(TO DO): In the listing below, print exactly the lines between the line holding "Tarninów/parter/parking/piwnica/3-4 pokoje/w cenie" and the line holding "Cómo juzgar el", inclusive, and no more.

(MATERIAL SUPPLIED):

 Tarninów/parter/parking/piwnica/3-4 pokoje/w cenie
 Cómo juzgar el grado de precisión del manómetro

* * *

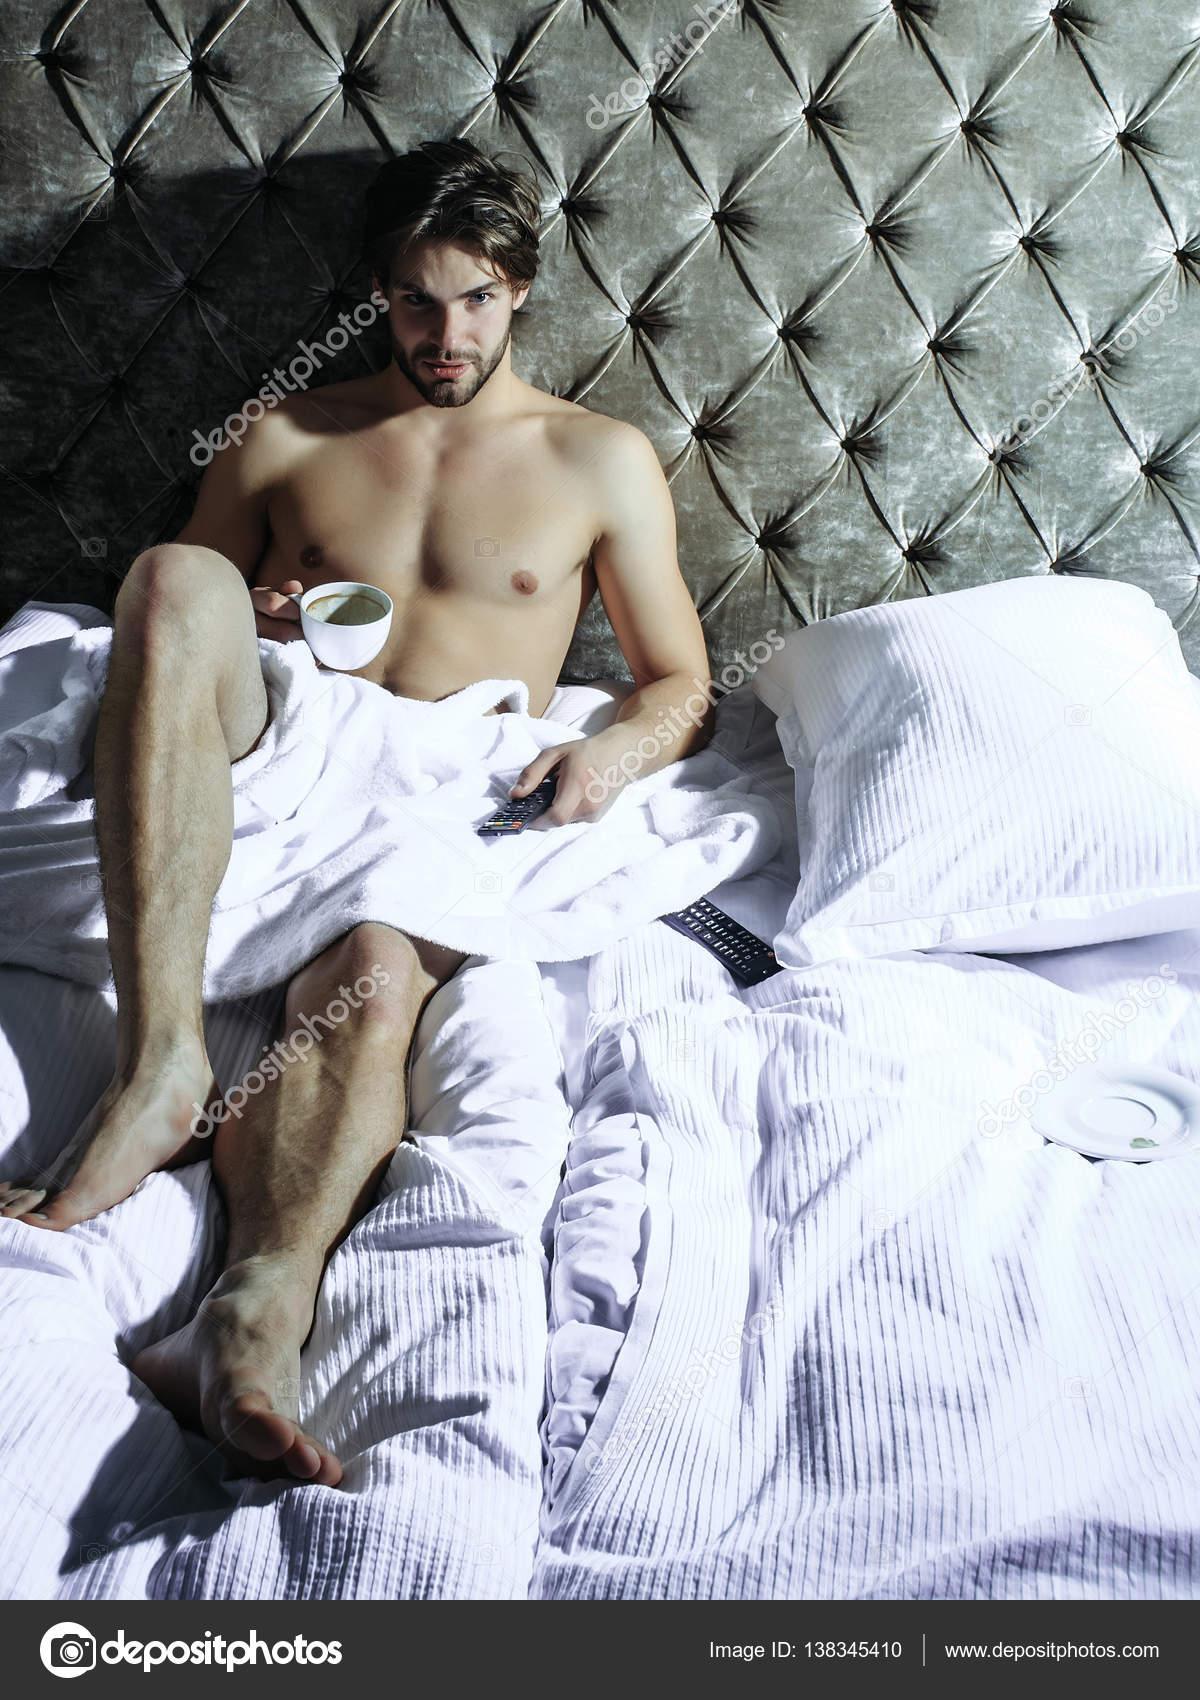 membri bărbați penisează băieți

(SOLUTION TO THIS PROBLEM):
 Tarninów/parter/parking/piwnica/3-4 pokoje/w cenie
 Cómo juzgar el grado de precisión del manómetro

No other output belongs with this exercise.